Van der Waals magnets based heterostructures

Layered van der Waals (vdW) magnets have attracted significant recent interests due to their novel physical properties and potential applications in spintronics. These vdW magnets may be insulators or conductors, ferromagnets and/or antiferromagnets, and may even host other exotic magnetic states such as spin liquids. As transferrable layered 2D materials, they can be easily interfaced with other materials to form hybrids and heterostructures. This talk will present some recent efforts along these lines, where we have fabricated various hybrids and heterostructures interfacing vdW/2D magnets with other (both vdW and non-vdW) materials and characterized them with optical (such as MOKE and Raman) and transport measurements. For example, interfacing ferromagnetic (FM) CrGeTe3 (CGT) layers with NiO (a common antiferromagnetic oxide) leads to significantly enhanced FM Curie temperature (from ~60K to ~120K) and coercive field in CGT, suggesting enhanced magnetic anisotropy.
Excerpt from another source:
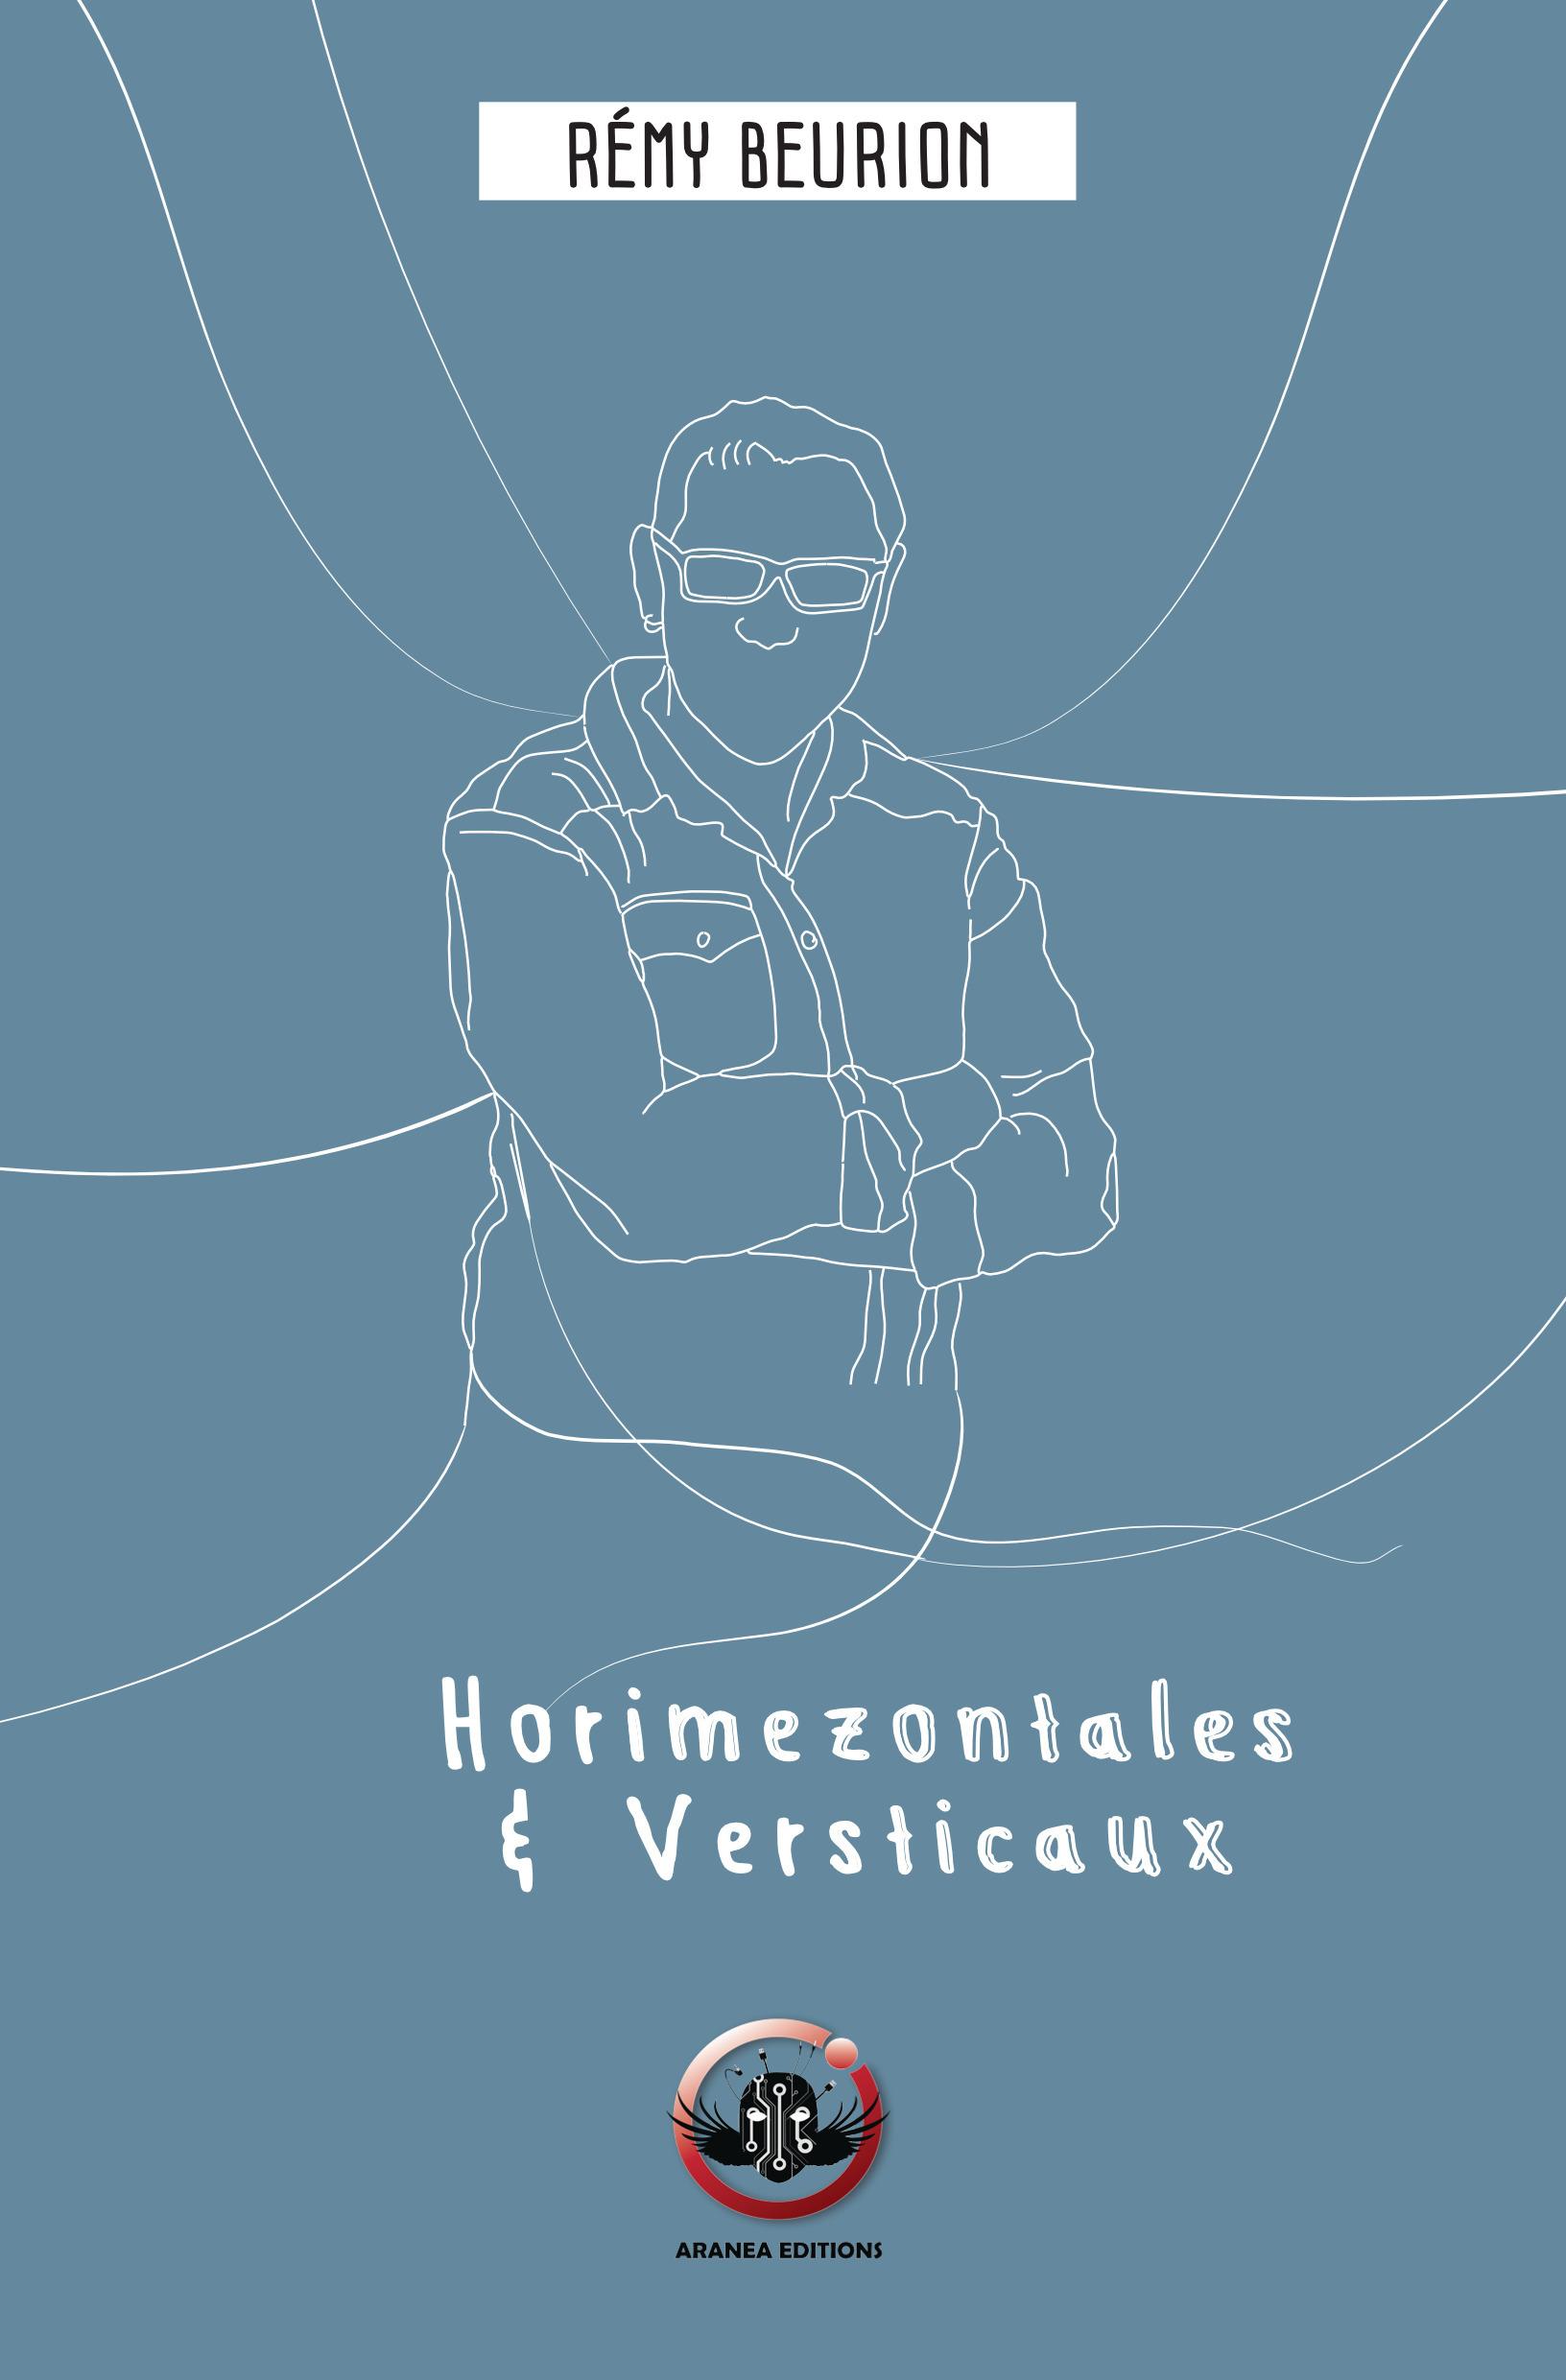 Horimezontales & Versticaux

Further studies suggest that wrinkle formation and strains play important roles in the enhanced magnetism. We also interfaced 2D magnets with strongly spin-orbit-coupled materials (including topological insulators and spin-Hall heavy metals) and studied various proximity induced transport phenomena to probe/engineer relevant spintronic order. Interfacing and heterostructuring open many possibilities to modify and probe the magnetism, as well as using the magnetism in these vdW magnets to influence and induce additional electronic/magnetic phenomena in other materials and in the hybrids.